The last witness for the plaintiff’s was Harvard historian Nancy Cott. The author of Public Vows, a study of marriage as a public institution, she served as an expert in the historic marriage equality cases before the U.S. Supreme Court.
“History shows that changes in marriage to bring it up to date with changing social, economic and ethical standards, have only made the institution stronger,” said Cott. She explained that marriage has changed over time to become a more equalitarian institution between two spouses, based on consent, with the definition of roles within the marriage left up to individuals. “By the mid and late 20th century,” said Cott, “the state had stepped out of prescribing how a couple conducts a marriage.
“Previous changes in marriage law were frequently responded to with a great deal of alarm and opposition about the future of marriage,” said Cott. “But the institution has proved to be resilient and flexible enough to respond to changing social needs.”

State’s Witnesses

The state got off to a rocky start March 3 when their first expert witness was rejected. Sherif Girgis, a 27-year-old Yale law student, was dismissed by Judge Friedman who ruled Girgis does not have the necessary credentials to be an expert witness.”I have no doubt that someday you will make a very good expert witness, but for now you only have your opinion,” said the judge.
Regnerus then took the stand as the state’s second witness.

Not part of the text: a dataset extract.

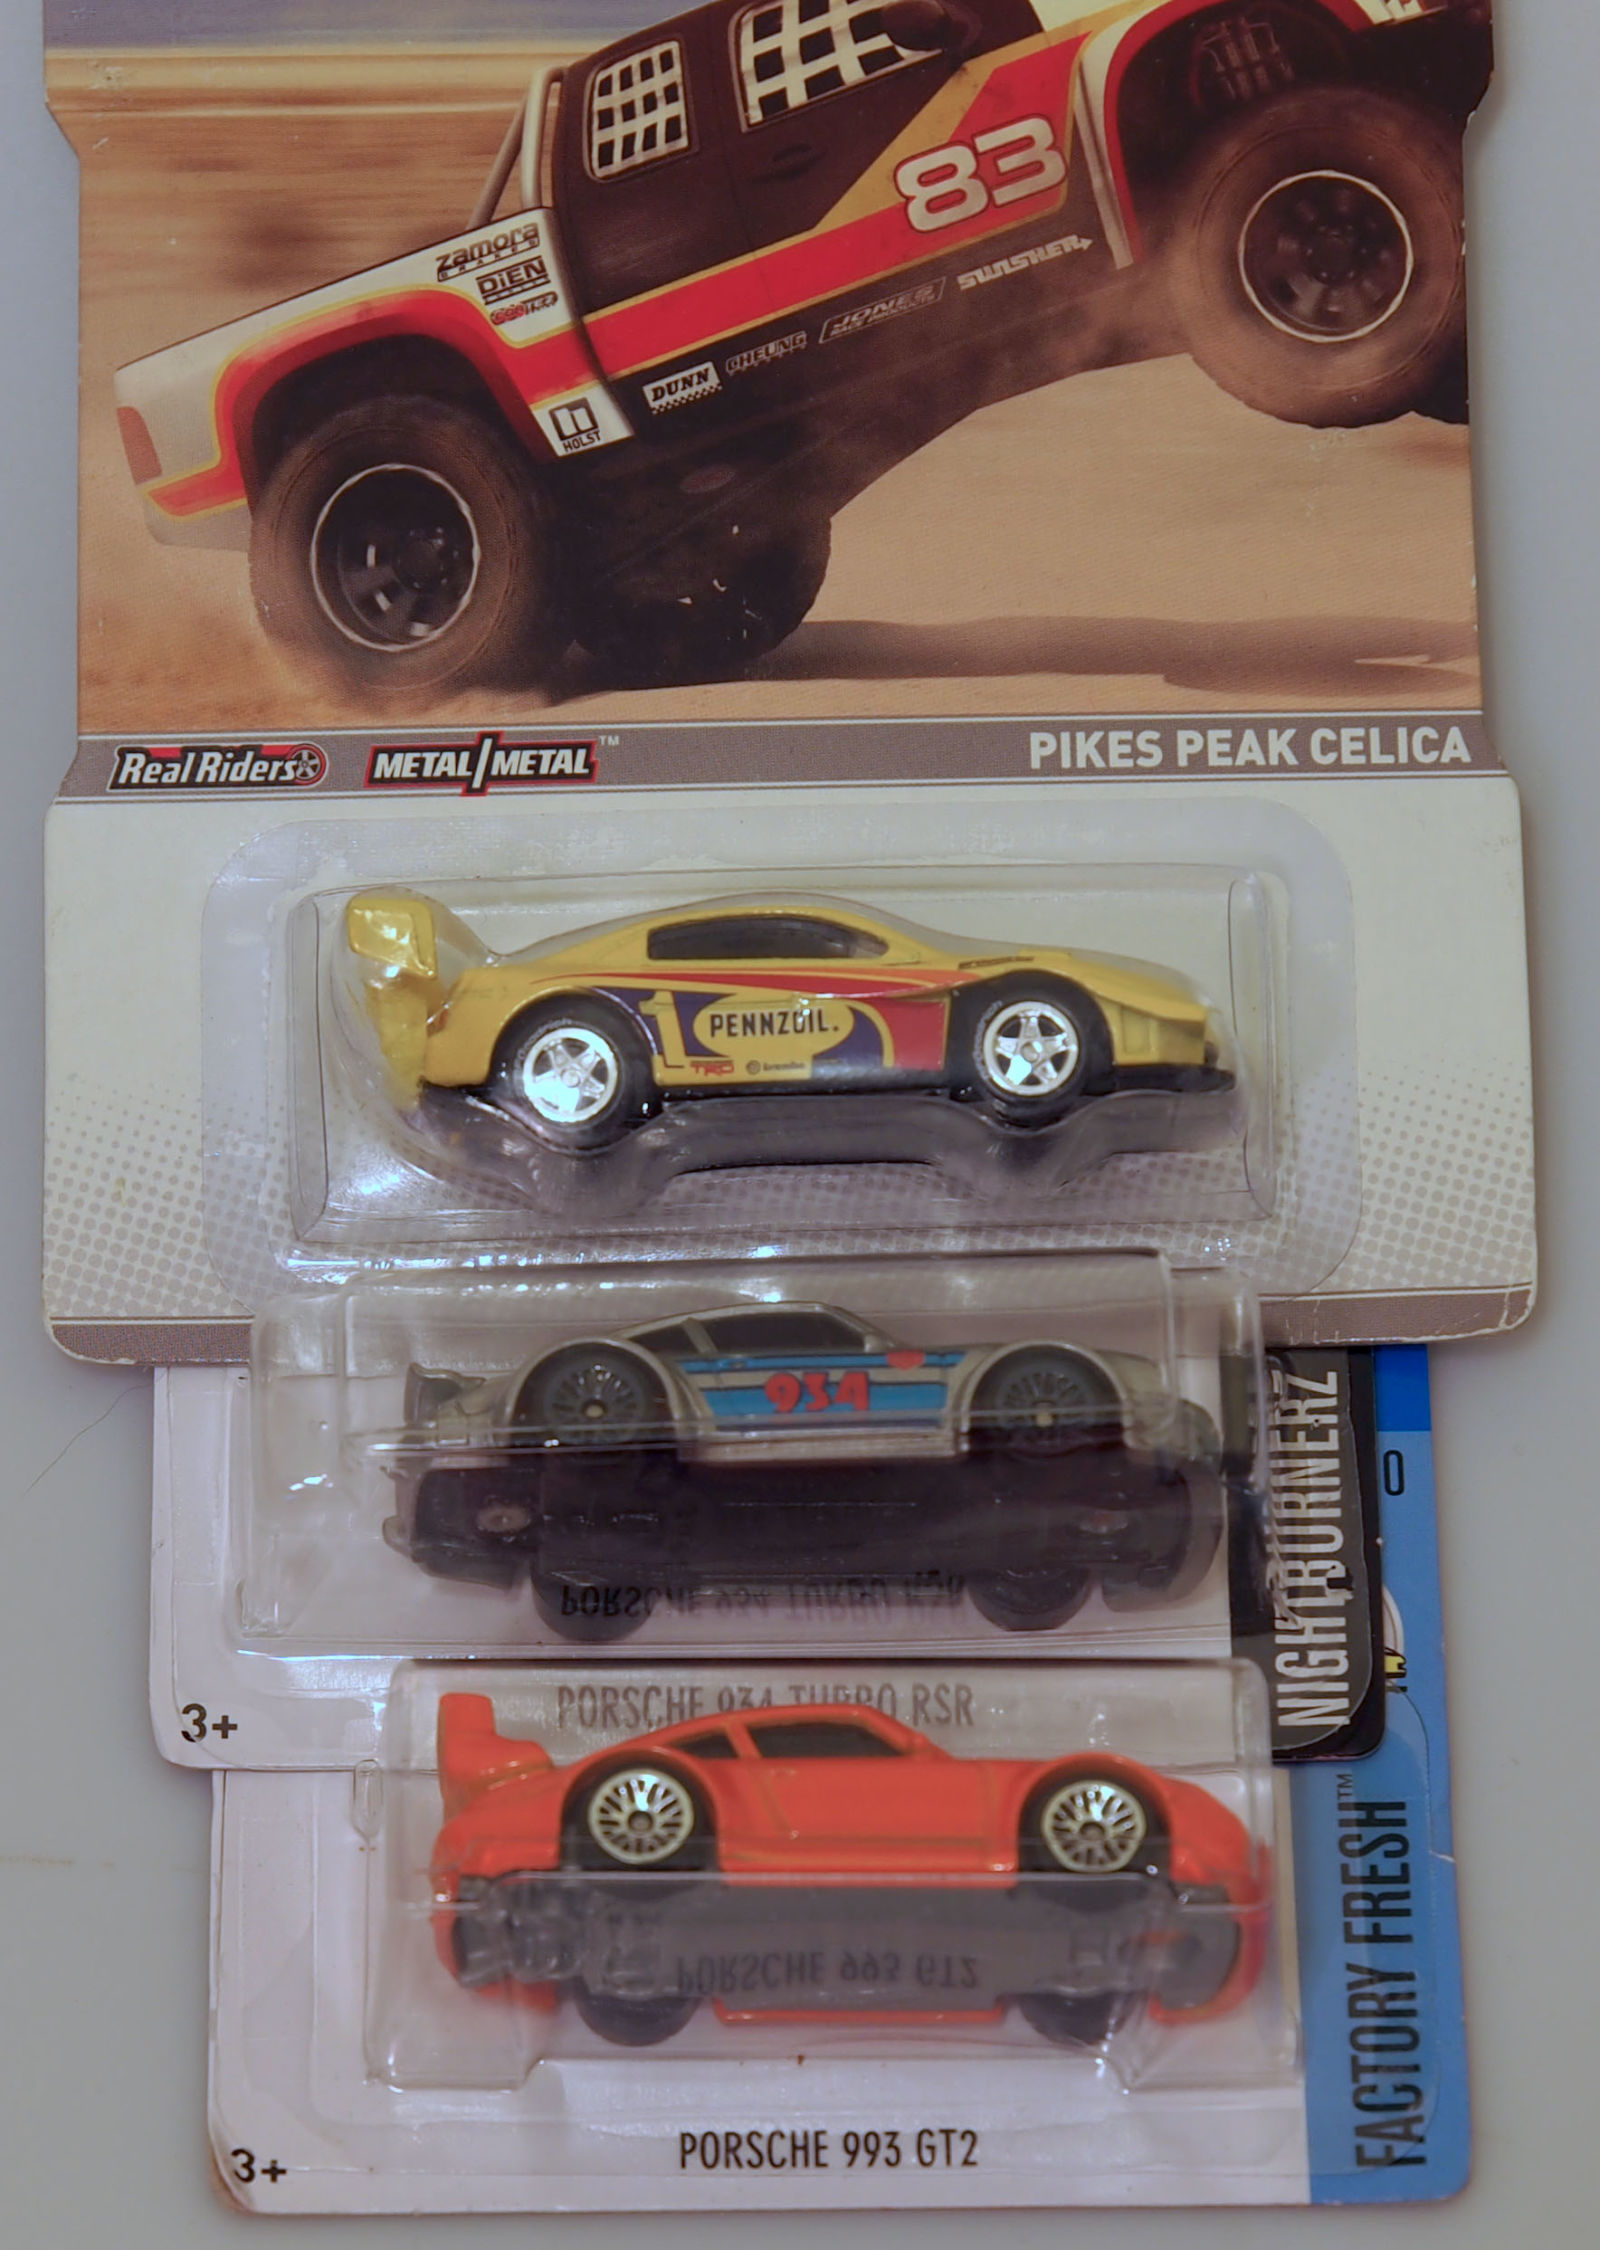 This box was mainly for the Pikes Peak Celica, but porsches are always welcome :D

He presented his discredited research on same-sex parents poor child outcomes, and tried to convince the court that it is only prudent to restrict marriage to one man and one woman until more longitudinal studies can be conducted.
The same day Regenus testified in Detroit, the American Sociological Association submitted amicus briefs specifically criticizing Regnerus’ work in suits to overturn marriage bans in Oklahoma and Utah.
“The claim that same-sex parents produce less positive child outcomes than heterosexual parents is simply unsupported,” said ASA Executive Officer Sally T. Hillsman. “As I have stated before — and as I will continue to state — the Regnerus papers and other sources gay marriage opponents often rely on provide no basis for their arguments because this research does not directly examine the well-being of children raised by same-sex parents. Therefore, these analyses do not undermine the social science research consensus and do not establish a legitimate basis for gay marriage bans,” said Hillsman.
At press time, plaintiff’s attorneys were preparing to cross examine Regnerus. This is the first time Regnerus faces cross examination by opposing counsel. In previous trials his research was presented either in depositions or amicus briefs.

Closing Arguments and the Decision

Closing arguments are scheduled for Mar. 6. It is not clear when Judge Friedman will issue his final opinion.